If you look at how the human brain works, it’s very similar to a manufacturing plant in several key respects. Although, of course, instead of manufacturing widgets, your brain manufactures decisions, insights, actions, and understandings.

Similar to a plant assembling automobiles or any other complex product, your brain works by starting with simple components and then compiles them into sub-assemblies, and then combines those into assemblies, and then finally collects those into a final assembly as a finished good.  Each combination of parts is treated as a component part for a later step in the process, and any flaw introduced earlier in the process will be embedded in the final result.

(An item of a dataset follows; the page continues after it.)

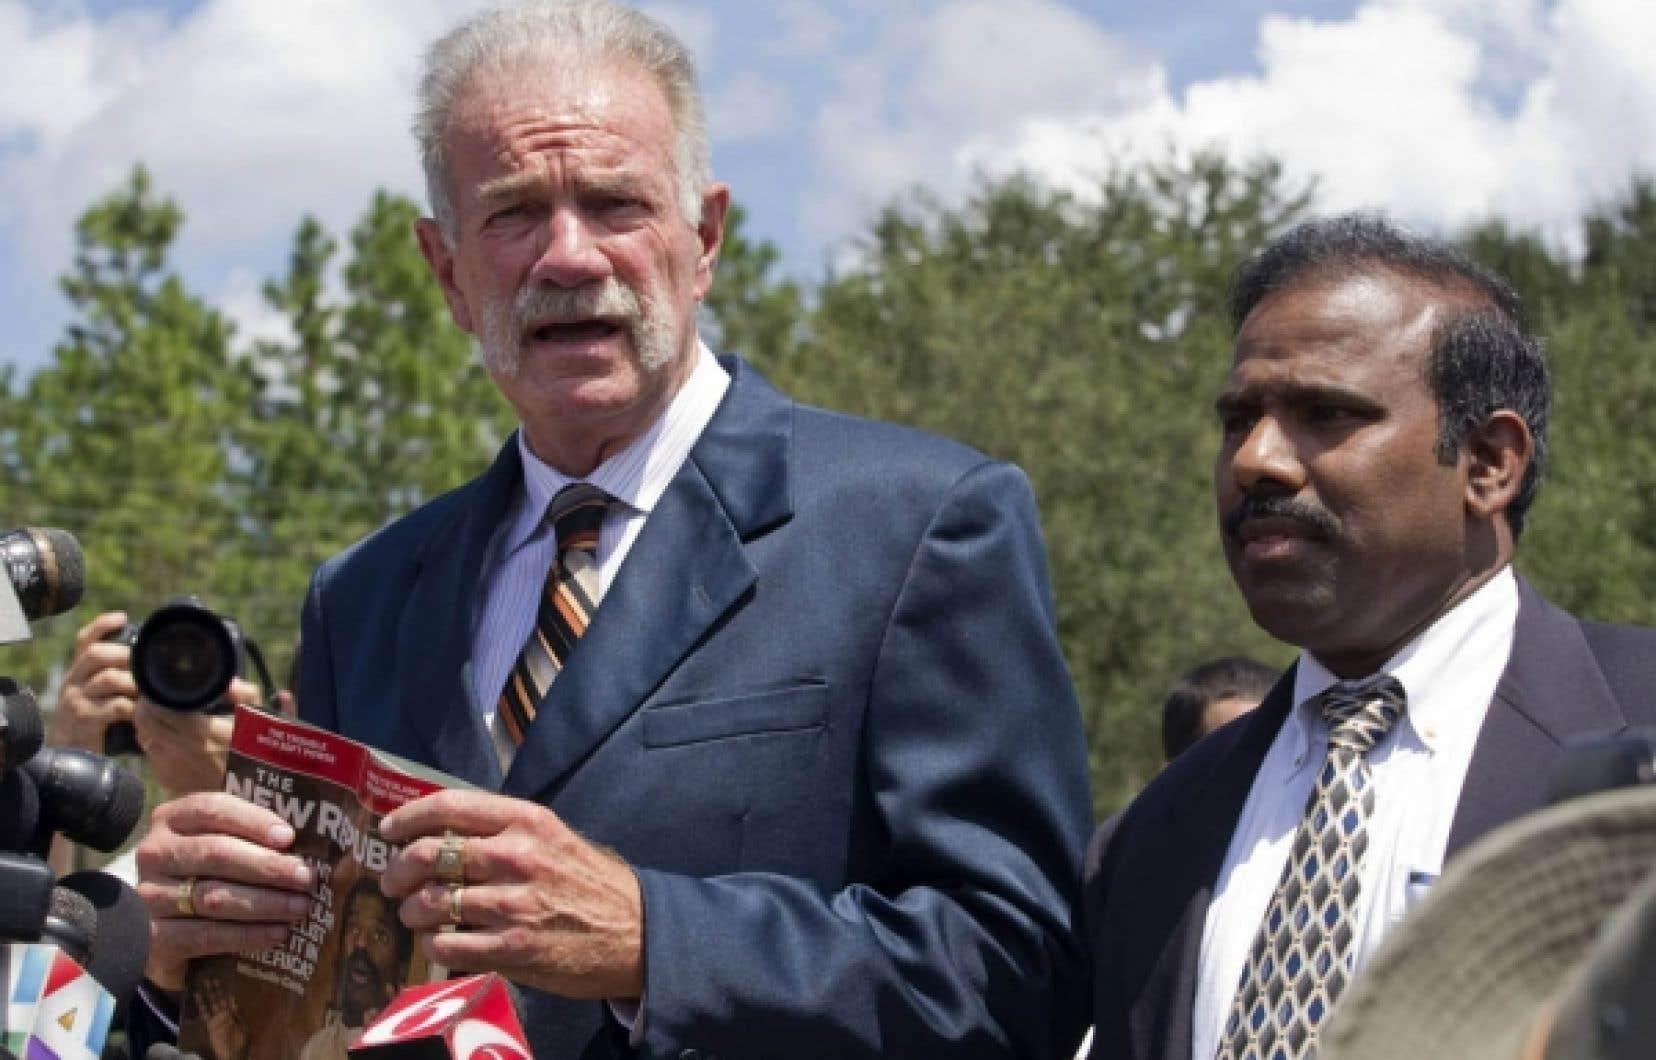 Terry Jones menace depuis plusieurs jours de brûler des exemplaires du Coran, ce qui a provoqué des explosions de colère dans les pays musulmans.

The human brain stores information and decisions like assemblies for later use.  If you watch a toddler learning to climb stairs, drink from a glass, or use silverware for the first time it is very apparent that the common assemblies adults have readily available to hand are not yet in their inventory.  And so, as they work to train their systems to operate in a specific way to achieve a specific result it takes a great deal of concentration, focus, and attention to assimilate all of the new information and experiences that will allow them to create the basic assemblies of “lift glass to mouth and pour” or “balance and step” or “lift and balance and rotate and align and place spoon with food intact in mouth”.

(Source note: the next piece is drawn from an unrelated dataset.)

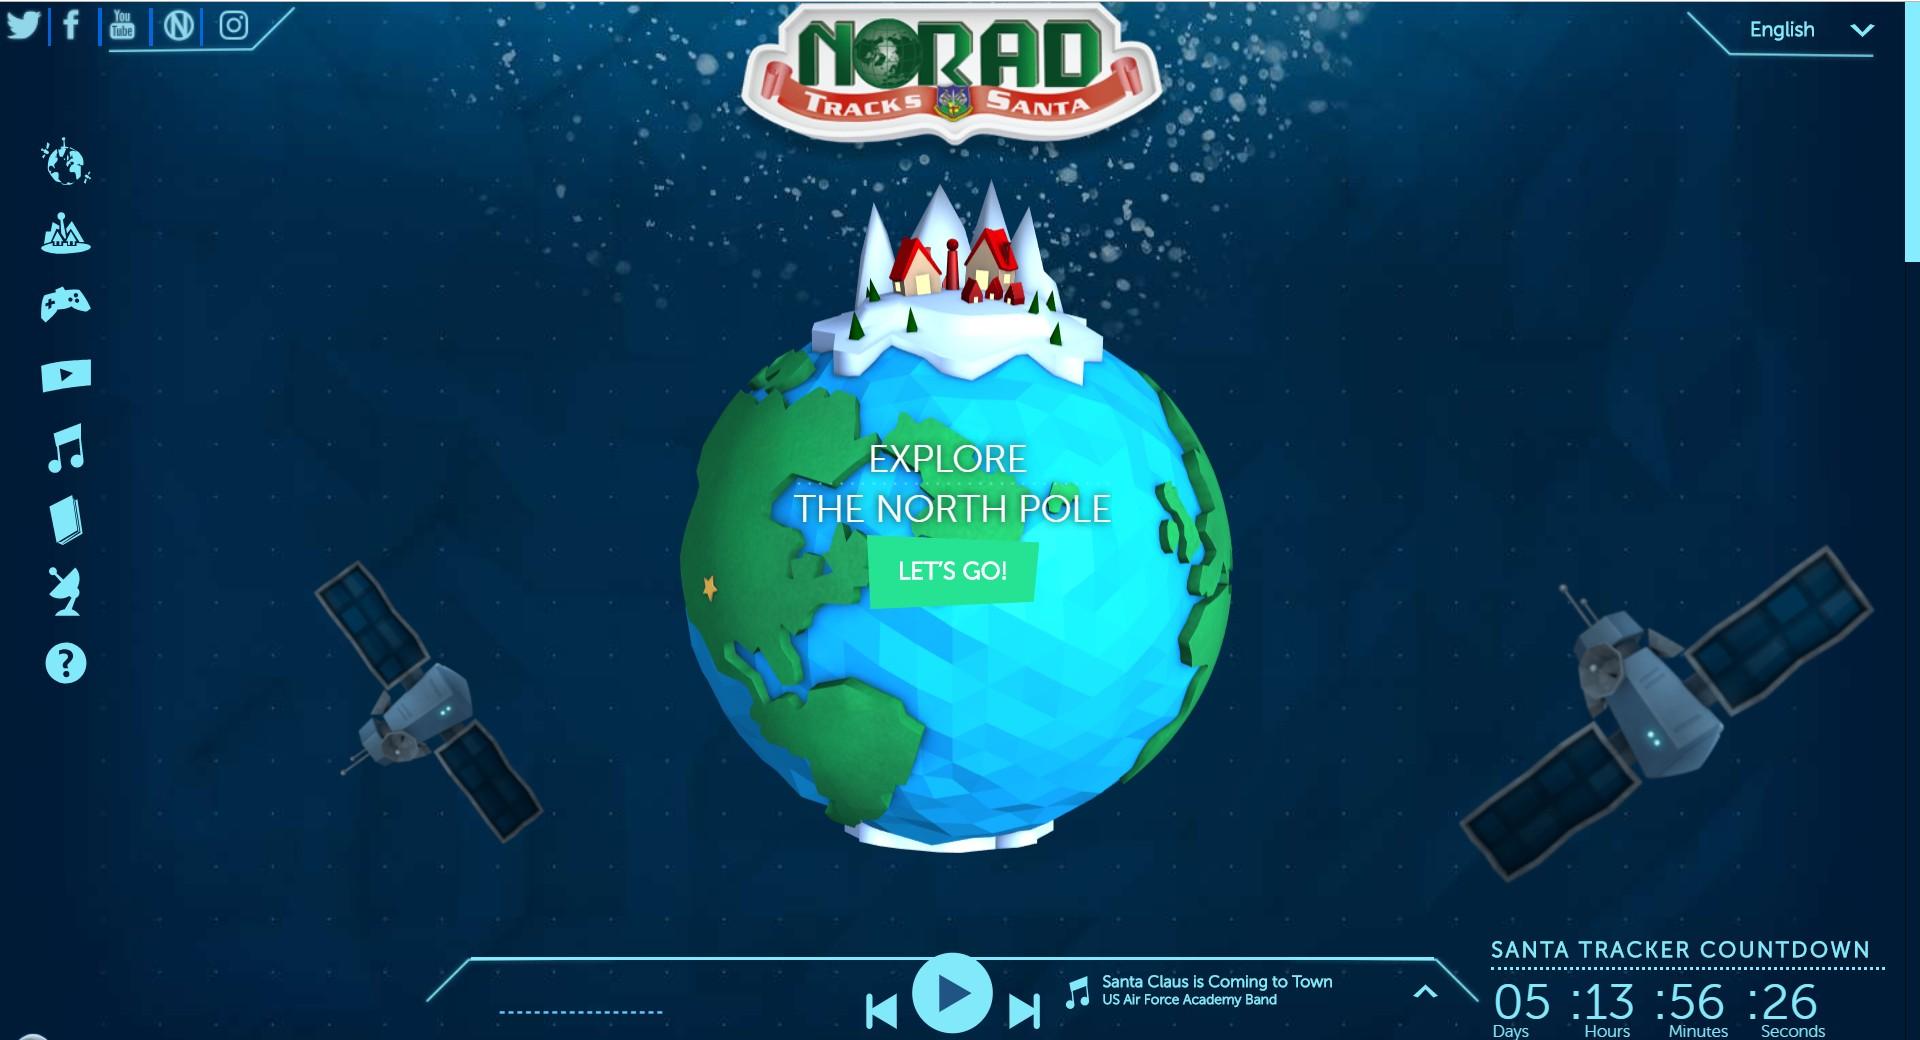 NORAD TRACKS SANTA!

It is the same with the learning process around any decision — the brain uses pre-built assemblies of knowledge and experience to simplify information processing and achieve more complex decisions in a more robust and simple fashion.  Every time you make a decision you are storing information that your brain will use in making future decisions along with metadata about the success or failure you experience as a result of that decision.

So, if you were to apply Total Quality Management principles to your personal decision making you would have to adopt a similar approach to what companies use in pursuit of continuous improvement of the results they achieve in producing the products you use every day:

  1. Quality is defined by customer experience.
  2. Everyone in the organization has responsibility for quality improvement.
  3. Increasing quality is the direct result of systematic analysis and improvement of processes.
  4. Quality improvement is a continuous iteration of improving the process of work completed.

You might restate these principles in the context of your own decision making as:

  1. Quality is defined by the results you achieve as experienced by yourself and others.
  2. You have to own your decisions and take responsibility for their results in order to improve them.
  3. You have to be open, accurate, authentic, objective, and honest with yourself in evaluating your decision making processes and address the root cause and patterns of choices you make, not just single decisions.
  4. Quality decision making is a continuous pursuit, a lifestyle, and a walk of faith — not a one time event.

Successful people pursue and rely upon a lifestyle of evolutionary change.  

Choosing a basic core of integrity, faith, education, and confidence as a foundation and then continuing to improve decisions based upon insights gained from the systematic evaluation of your practice of your core values opens a path to higher quality decisions and higher quality results.  Every decision is the opportunity to improve upon the one that came before it.  Using high quality pre-built assemblies in combination with innovative, creative, thoughtful, and revolutionary new additions that can be adopted by following in the footsteps of others you respect and connecting more concretely with God opens you to experience higher awareness, higher recognition, higher assimilation, higher observation, higher resilience, higher insight, and higher quality at every level in your life.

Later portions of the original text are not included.